**EXERCISE OBJECTIVE:** No pictures belong in the copy. Retype exactly, and only, the stretch of lines below from the one with "20th century Chinese chinoiserie" through the one with "Overall dimensions: 102".
═════ RECORDS SUPPLIED
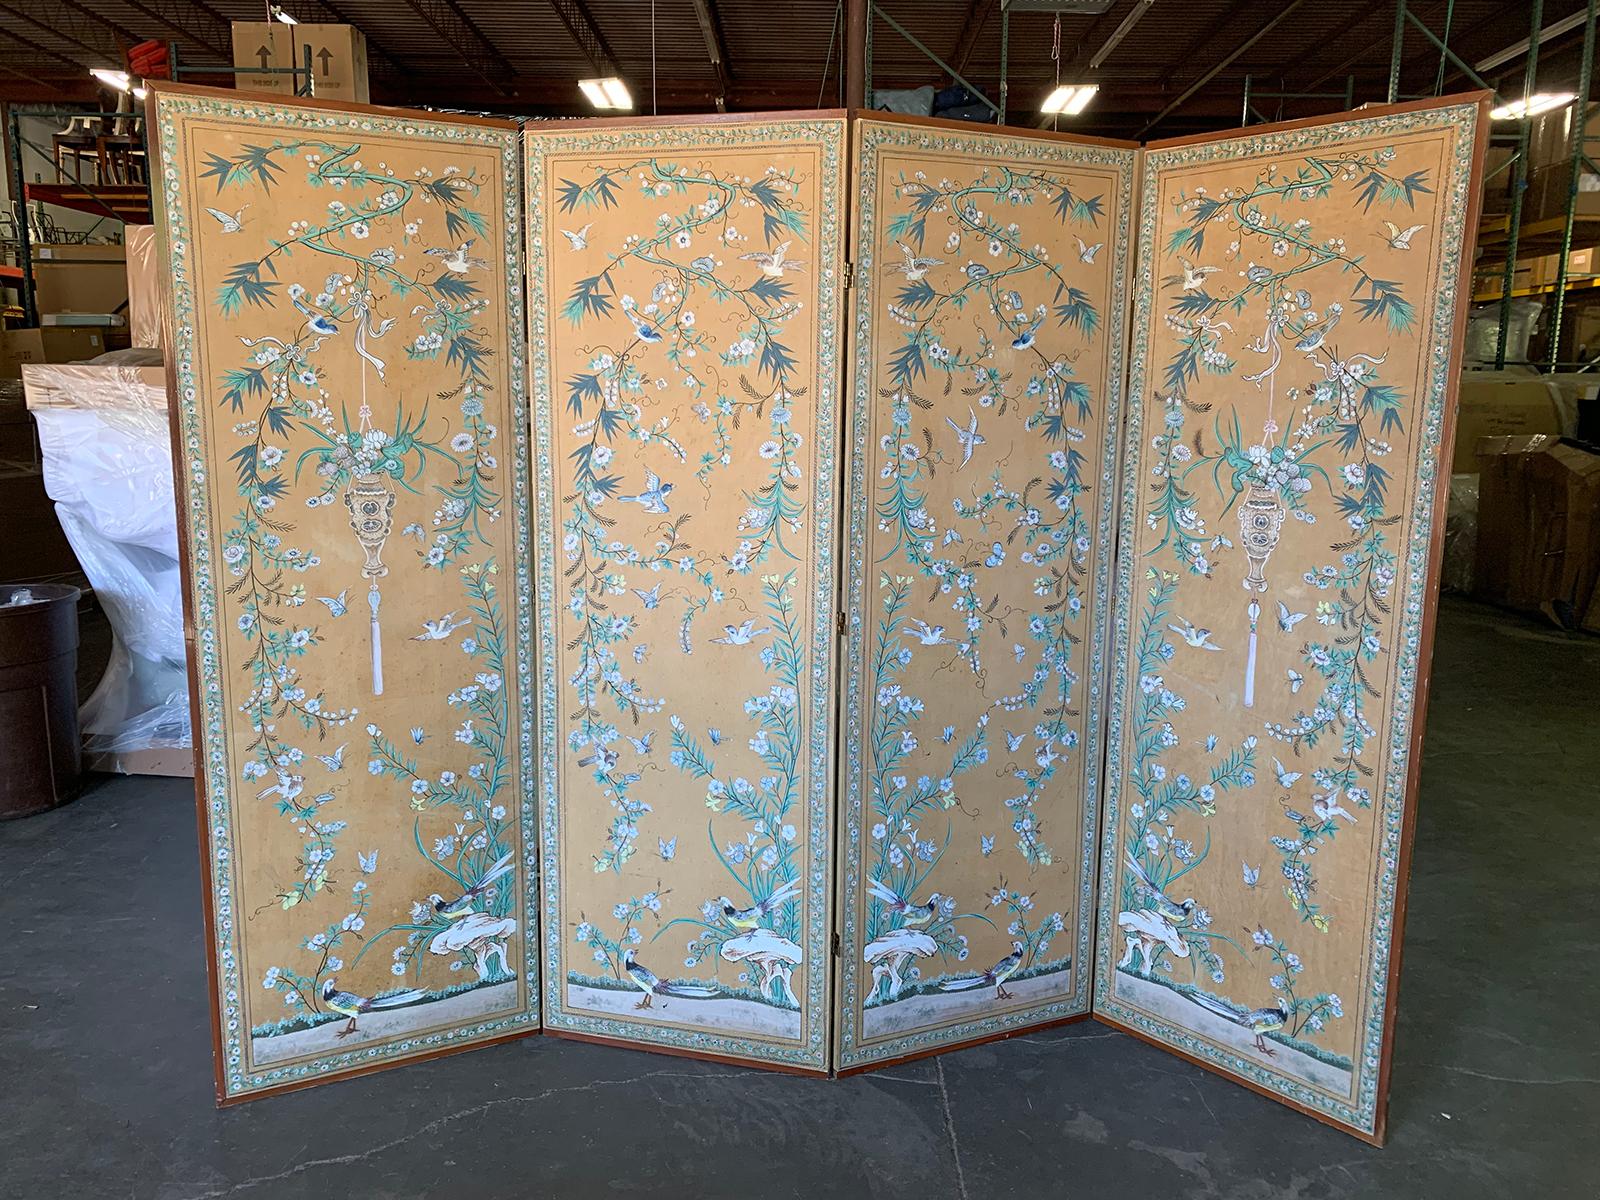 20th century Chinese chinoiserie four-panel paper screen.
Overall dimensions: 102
══════════
═════ RECORDS SUPPLIED
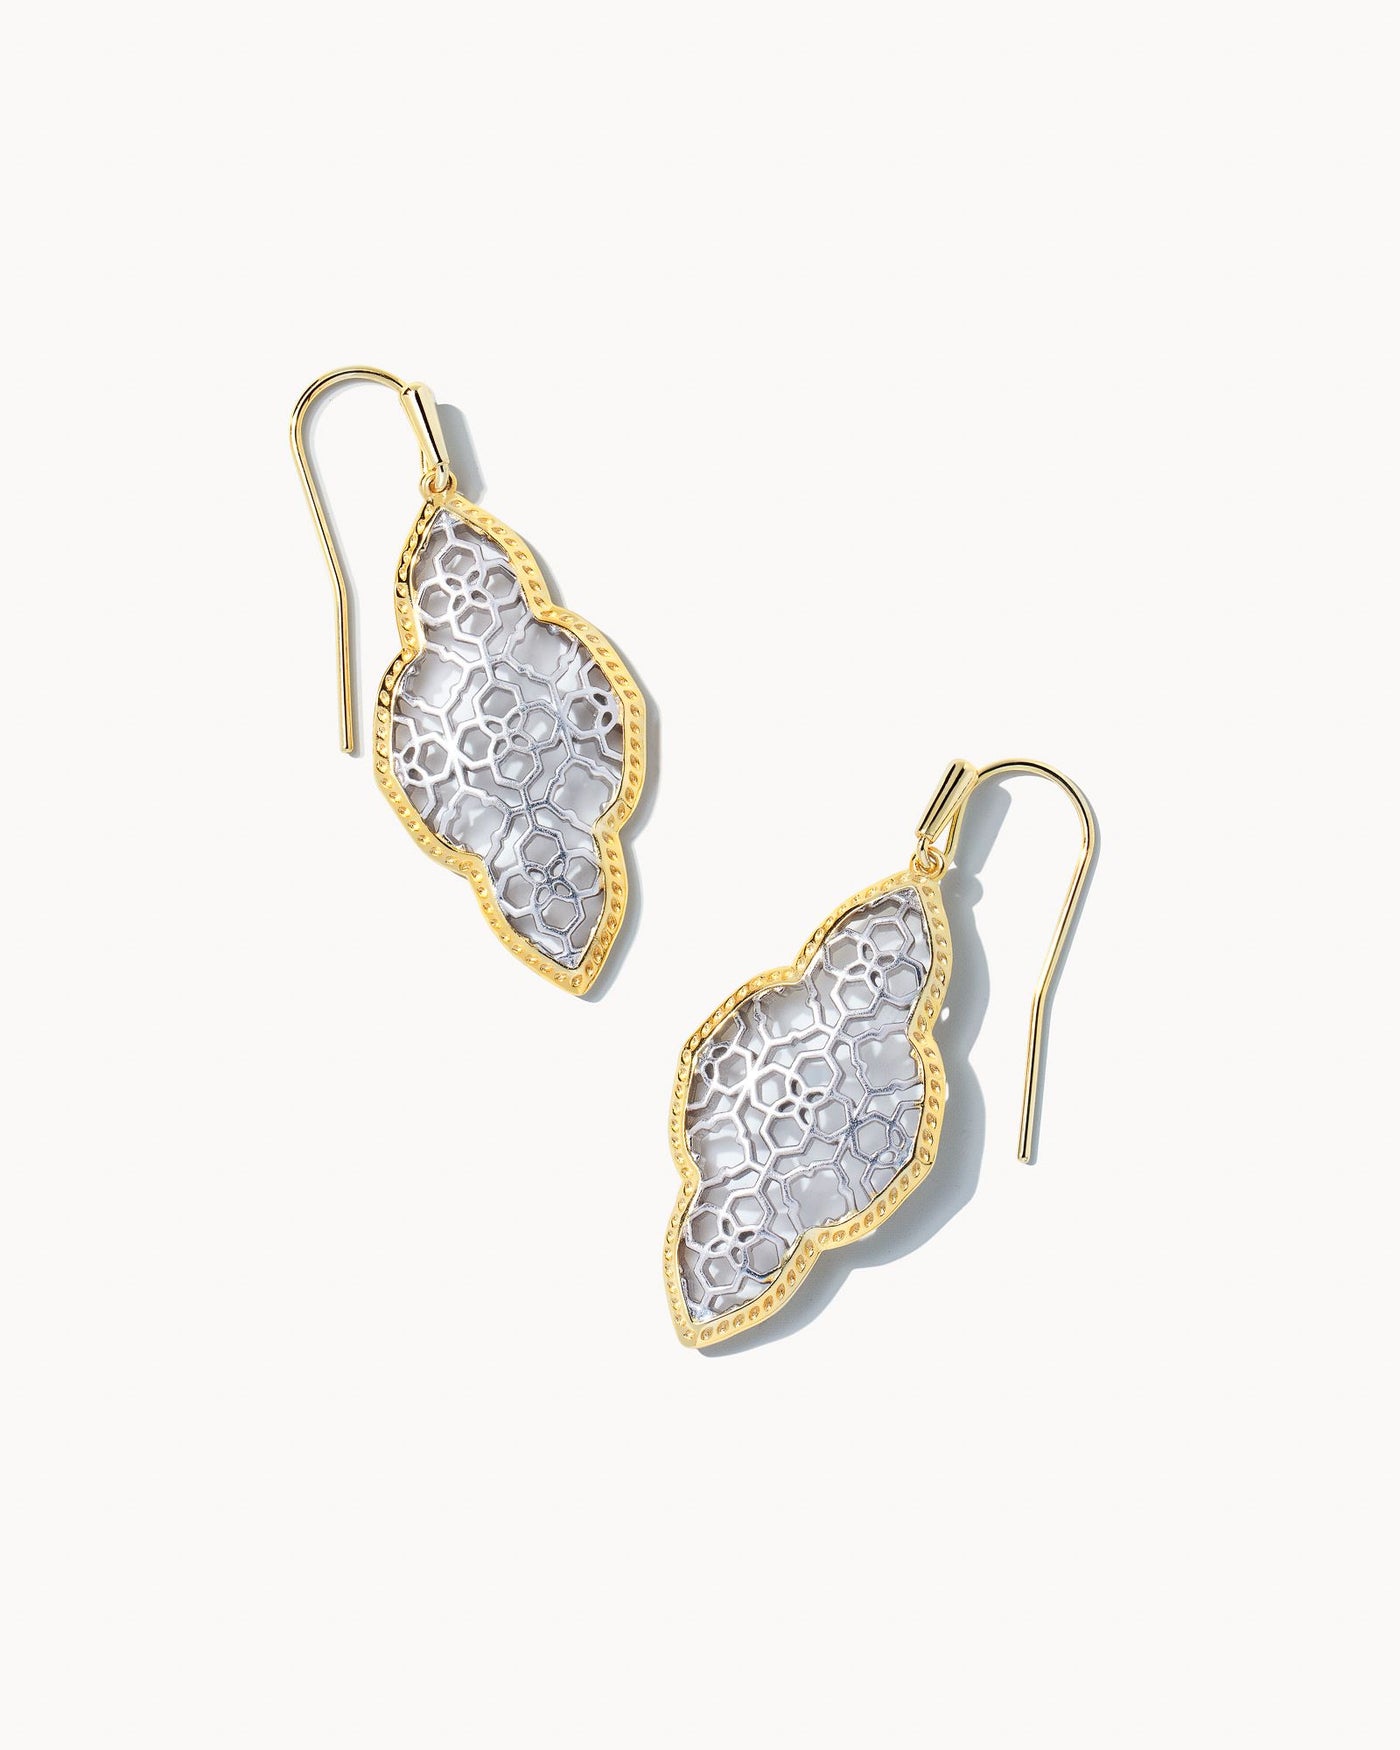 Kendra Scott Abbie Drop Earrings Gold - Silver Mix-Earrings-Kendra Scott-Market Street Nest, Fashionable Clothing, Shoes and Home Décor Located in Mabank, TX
══════════
**EXERCISE RESPONSE:**
 20th century Chinese chinoiserie four-panel paper screen.
Overall dimensions: 102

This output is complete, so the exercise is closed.